* To do: Only the lines from the one containing "Mushies and gnomes" to the end of the data below belong in the answer, each repeated exactly; no pictures.

::: Given information :::

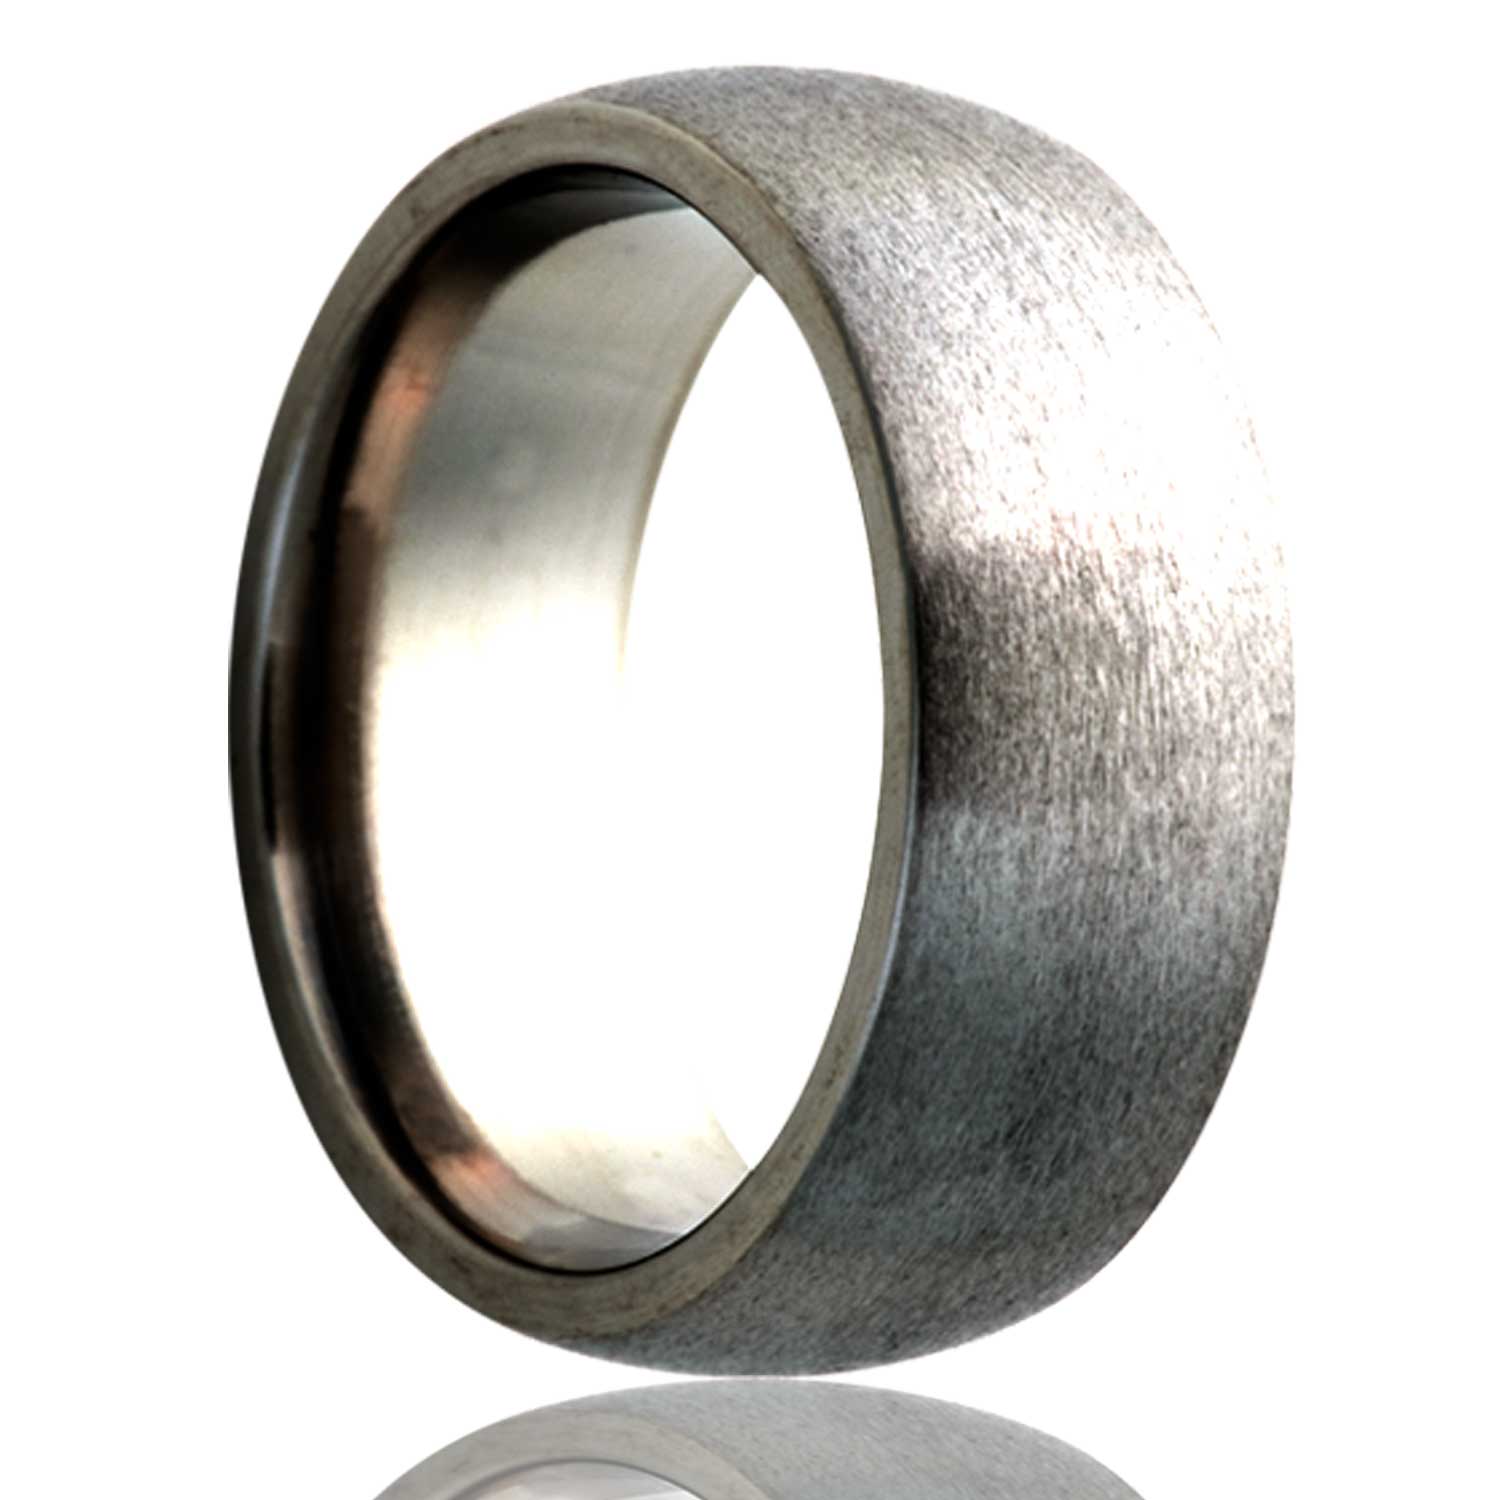 A domed satin finish titanium wedding band displayed on a neutral white background.
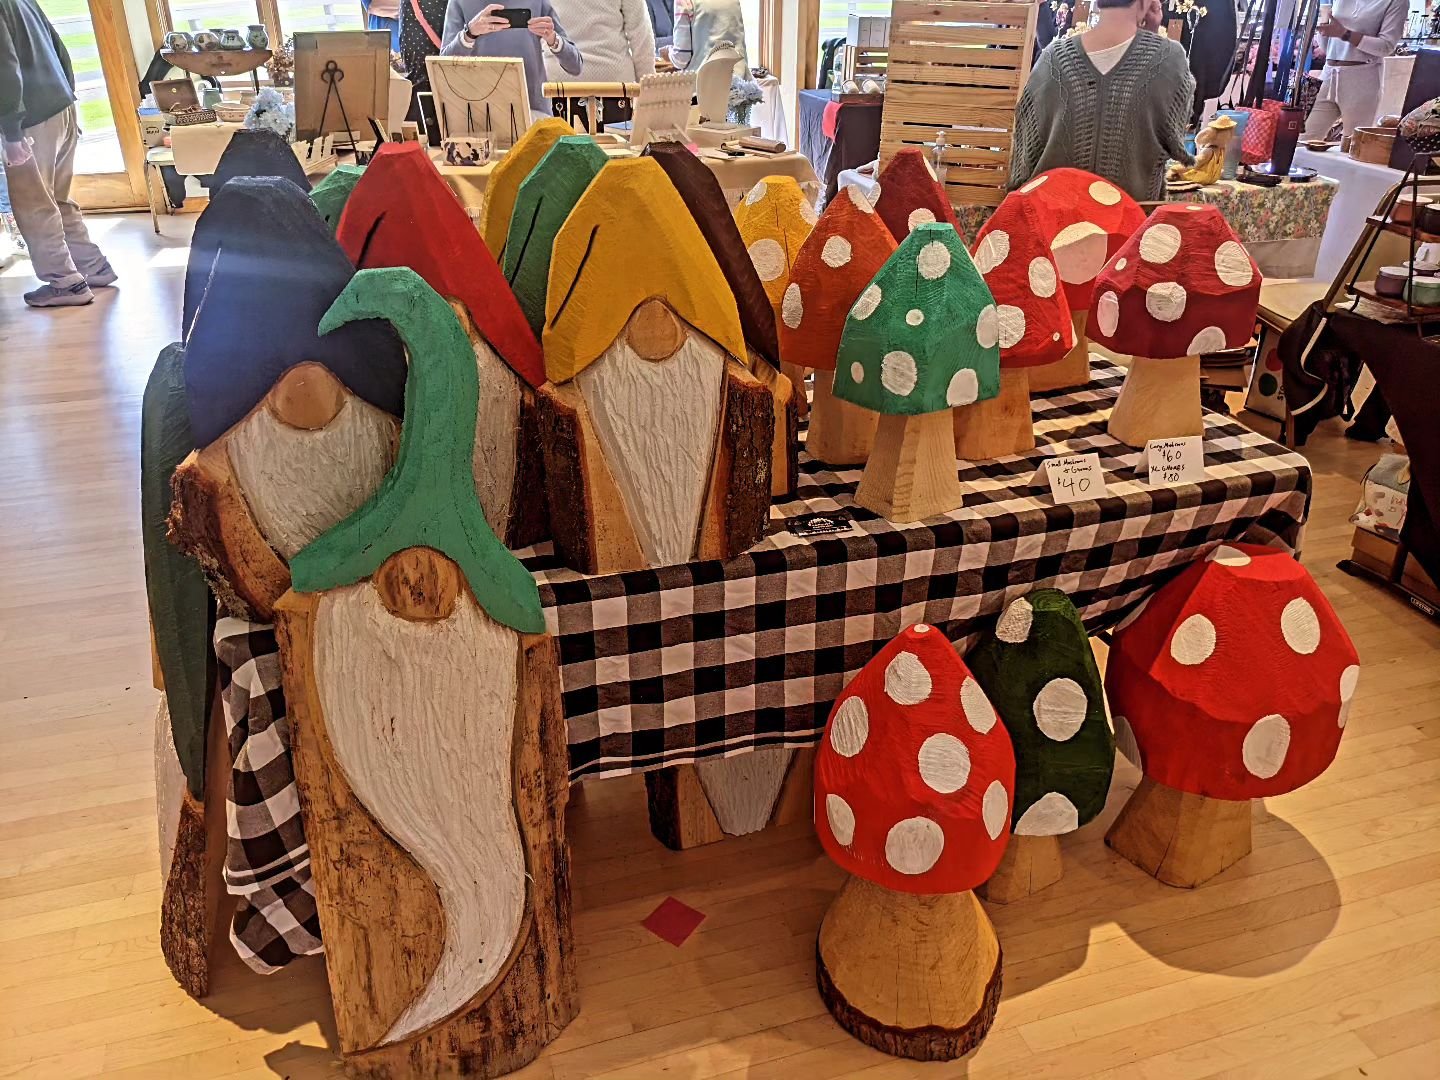 Mushies and gnomes for sale at the Scandinavian Club on Fairfield CT through 4pm today!
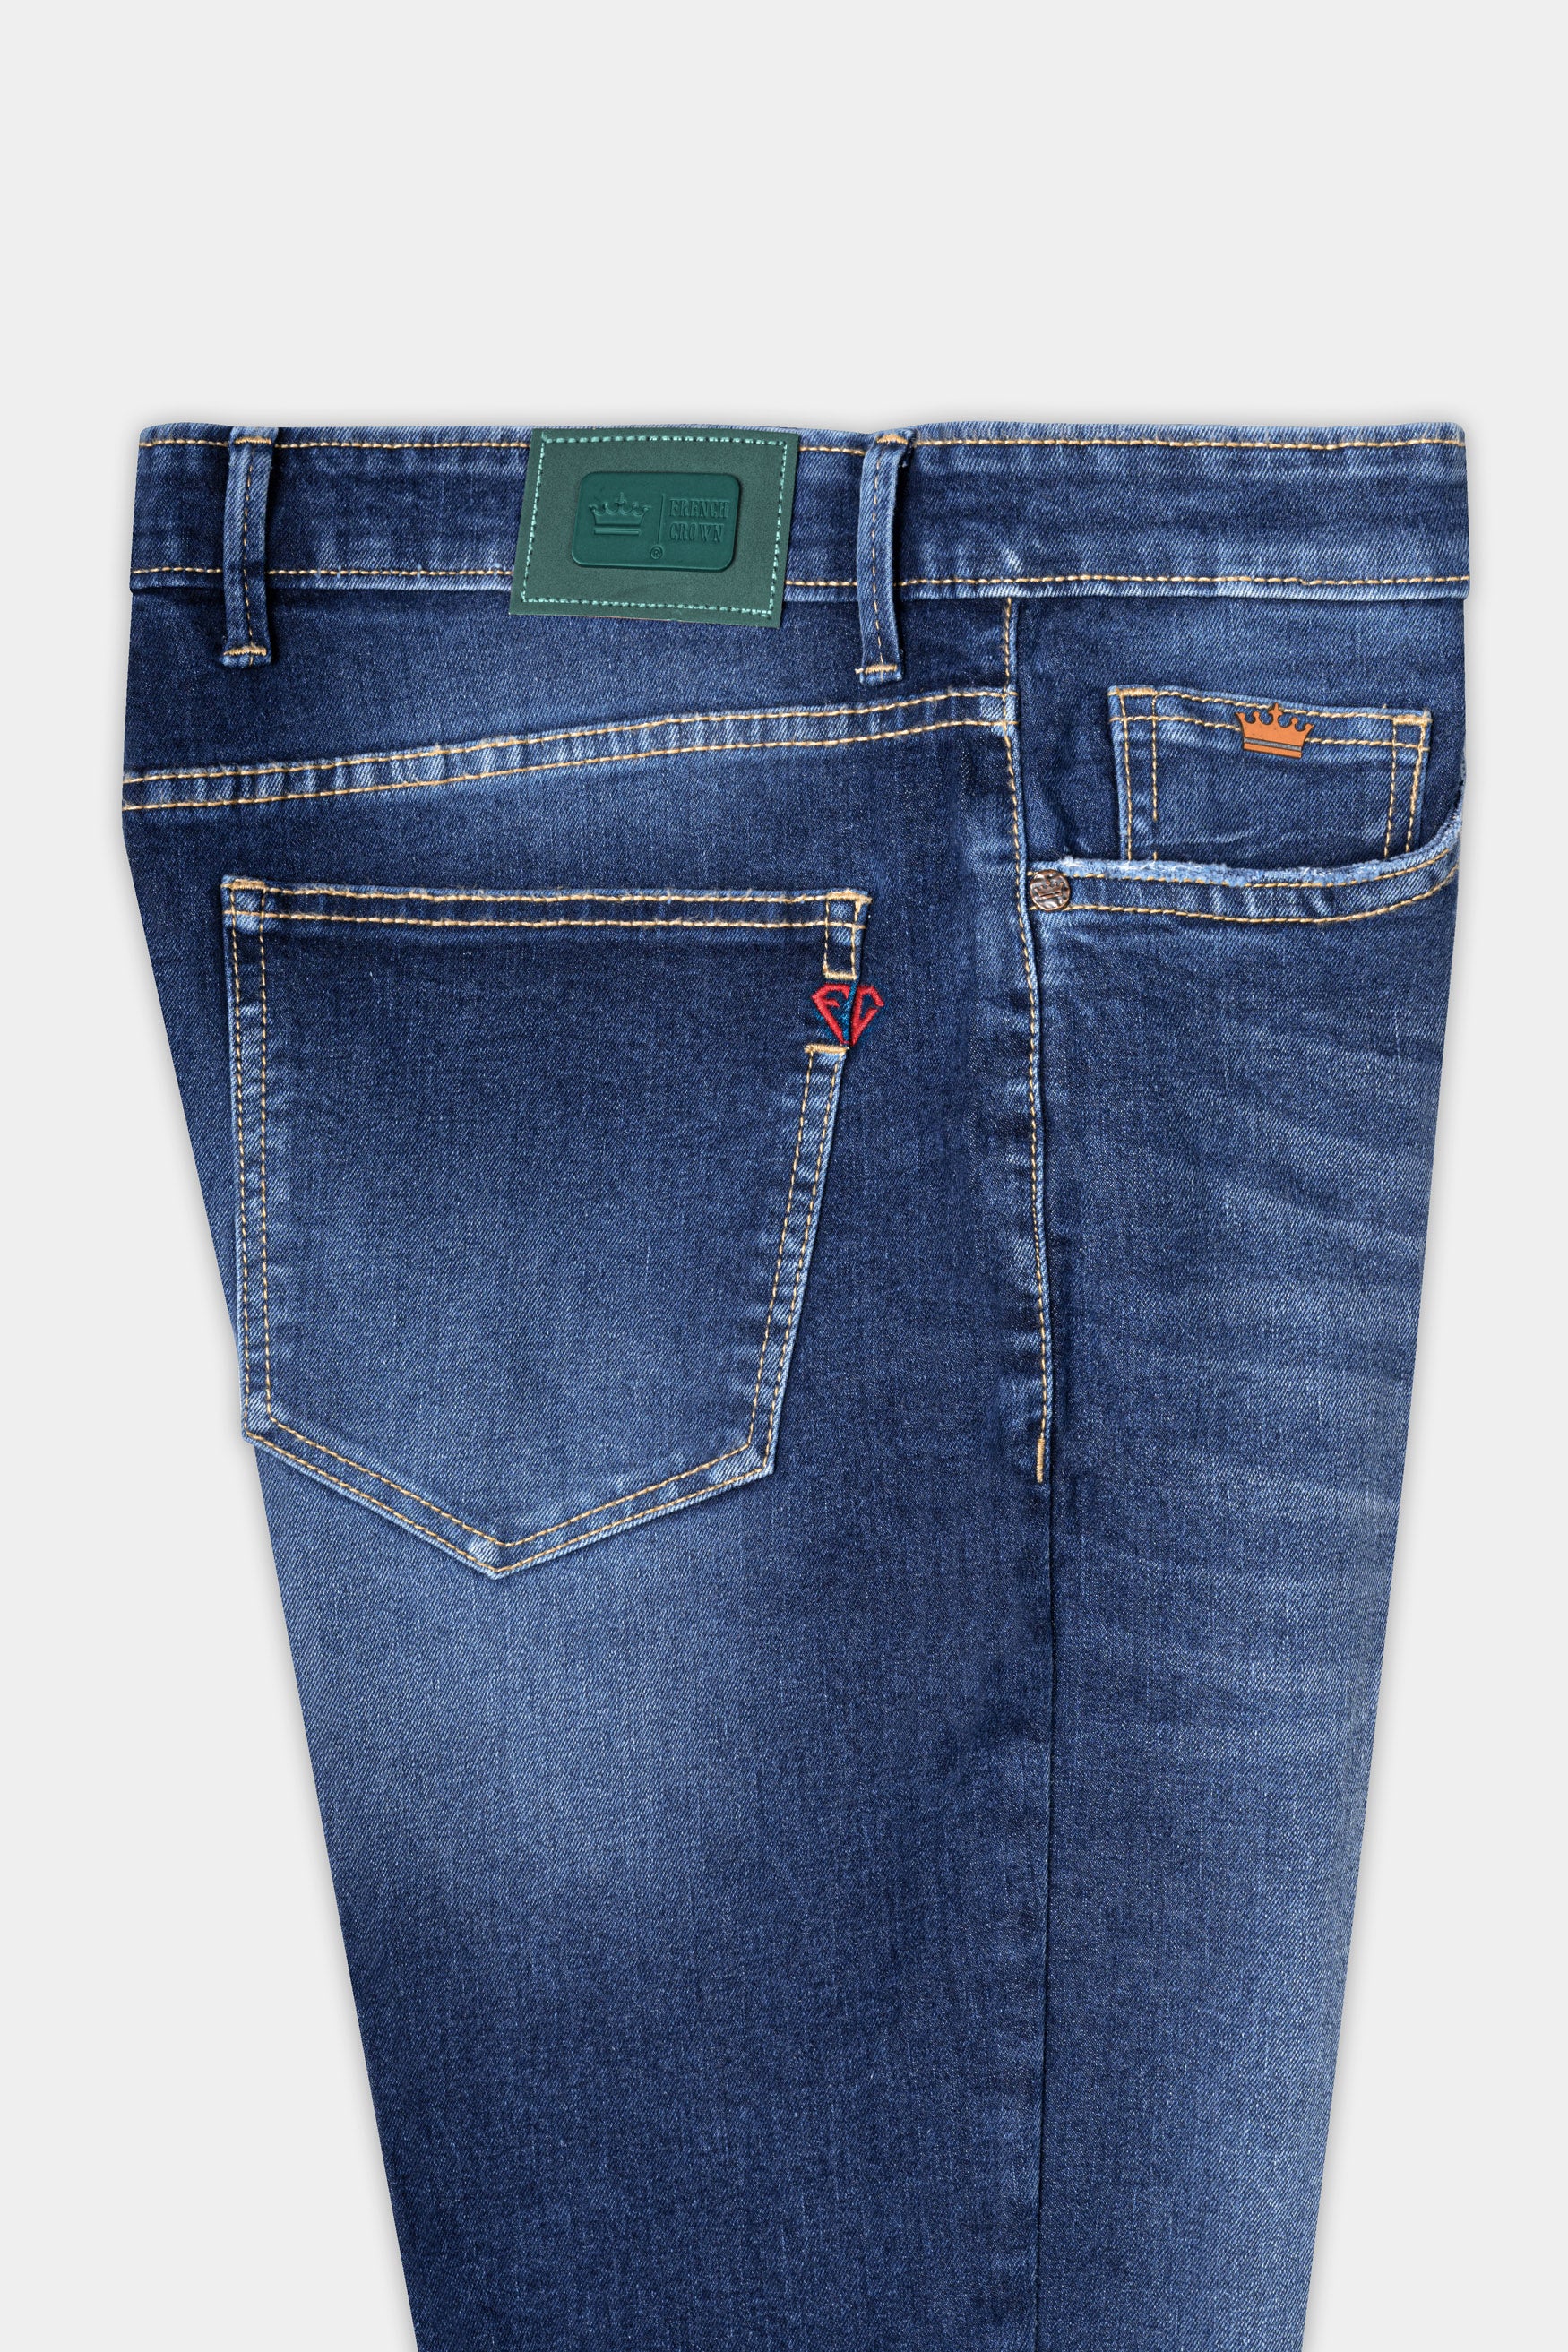 Fiord Blue Whiskering Wash Stretchable Denim

:::

* Finished task:
 Mushies and gnomes for sale at the Scandinavian Club on Fairfield CT through 4pm today!
 Fiord Blue Whiskering Wash Stretchable Denim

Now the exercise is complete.